The House bill version, with its $1,200 outlay geared mainly to middle- and low-income families, along with a restoration of the $600 offering in unemployment benefits, would be a fiscal life preserver for just about everyone here, he said.
 
Waiting until after the election is only going to make already murky waters even more so, Justice said.
 
“I don’t want him to do that,” Justice said, of the possible gambit by a president who is also being treated for COVID-19.
 
“And I do not think that’s the thing to do … So, from the standpoint of postponing it? Terrible.”

Meanwhile, Justice on Wednesday did what he’s done 133 times prior over the past six months, when the coronavirus first started making its acquaintance with the Mountain State.
 
He talked — and took questions from reporters, via telephone and Zoom.

Breaking it down

He began, as always, with a roll call of West Virginians who died of coronavirus complications from the last time he spoke.
 
Wednesday’s accounting included two nurses who worked, respectively, at J.W. Ruby Memorial Hospital in Morgantown and Mildred Mitchell Bateman Hospital, a psychiatric facility in Huntington.
 
In contrast, he reported West Virginia’s current reproductive number of .83 — the second-best in the nation. That number gauges how easily the virus can be transmitted from one person to an another.
 
The governor noted the 50 confirmed COVID cases in 18 schools across the state, to go with the four in correctional facilities here, including two at Mount Olive, the state’s maximum-security facility for men in Fayette County.
 
To date, he said, there are 41 outbreaks in long-term nursing care centers across the state and 13 in churches across nine counties, including Harrison, in north-central West Virginia.
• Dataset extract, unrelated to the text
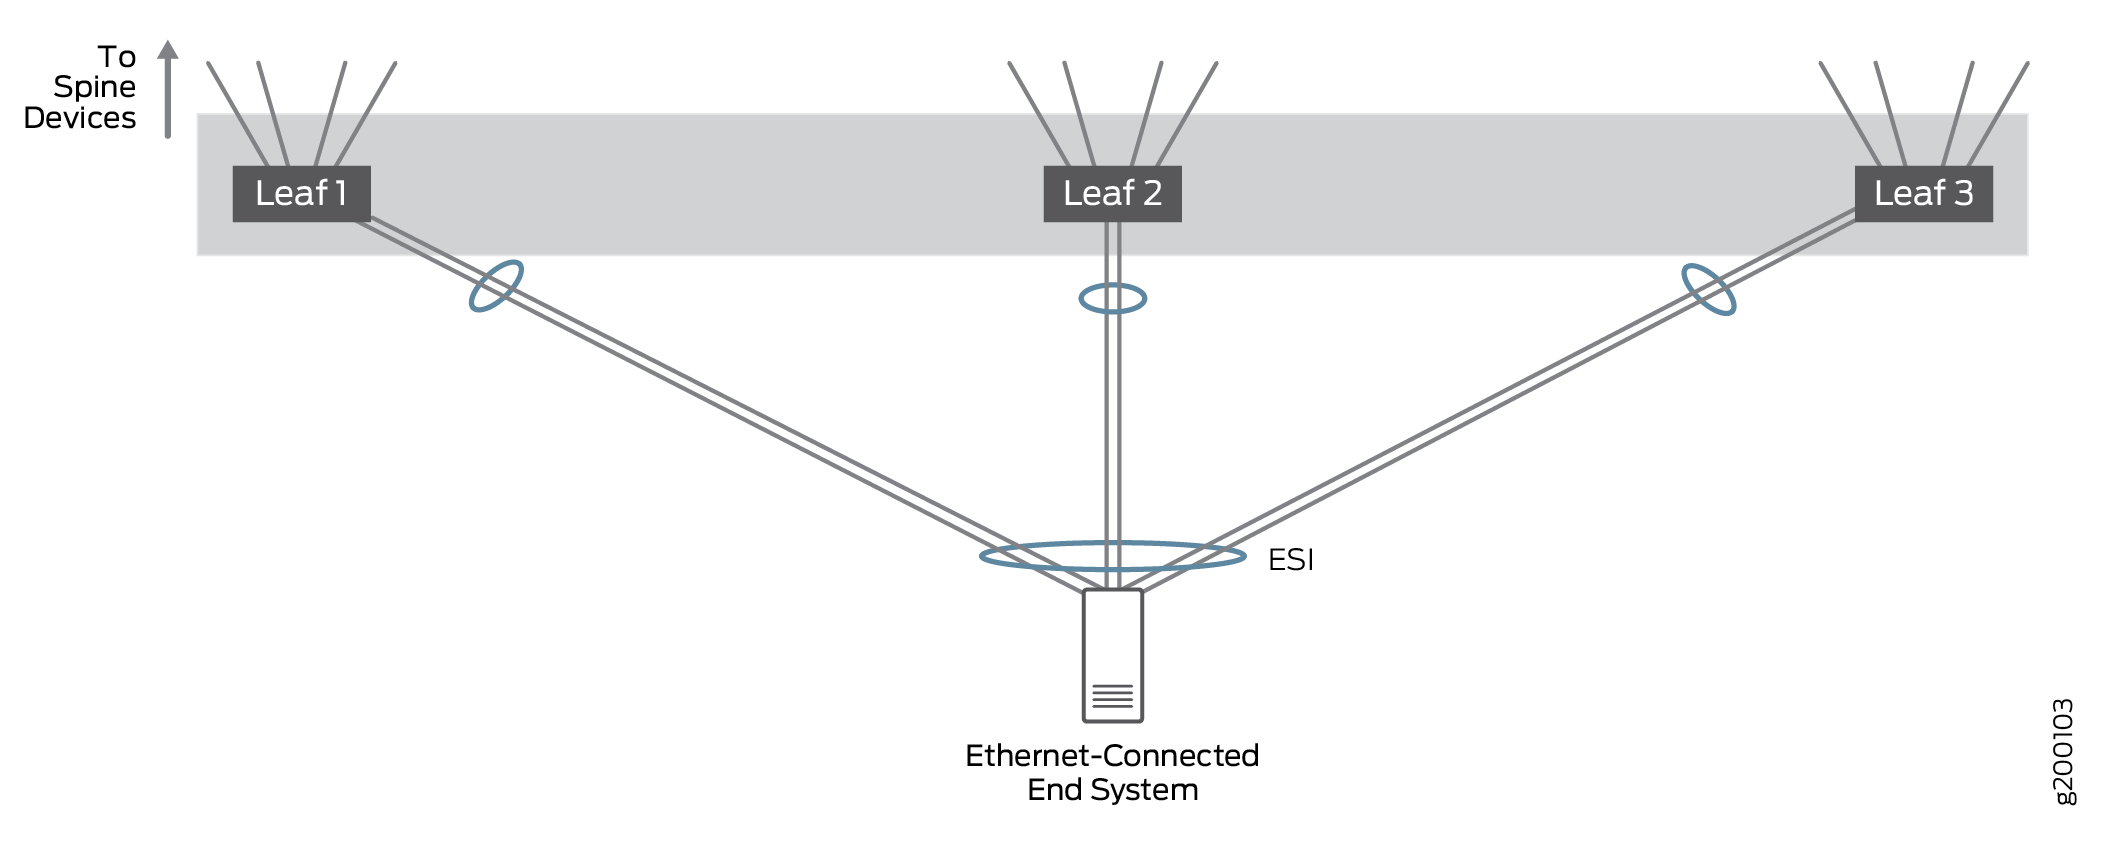 Ethernet-Connected End System Multihoming

Protocols, schools and bars

Justice’s staff wears masks, and he does too, he said.
 
So do the people who meet in the capital complex for state business, the governor said, when asked about Trump’s diagnosis and the ongoing outbreak in the West Wing at the White House.
 
Both the governor and Dr. Clay Marsh, the state’s COVID-19 czar, defended the methodology behind the state and county alert maps that chart cases here.
 
Up to half of the schools in state would be “shut down” Justice said, had West Virginia stayed with the Harvard Global model, which was the template for the versions used by the state Department of Health and Human Resources and state Department of Education.
 
Marsh, meanwhile, encouraged all West Virginians to simply get tested for the coronavirus, and the governor agreed — reporting that 85 potential “super-spreaders” of the pathogen were netted at a recent testing event in Kanawha County.
 
The governor promised news concerning Monongalia County bar closures for his next briefing, which is Friday.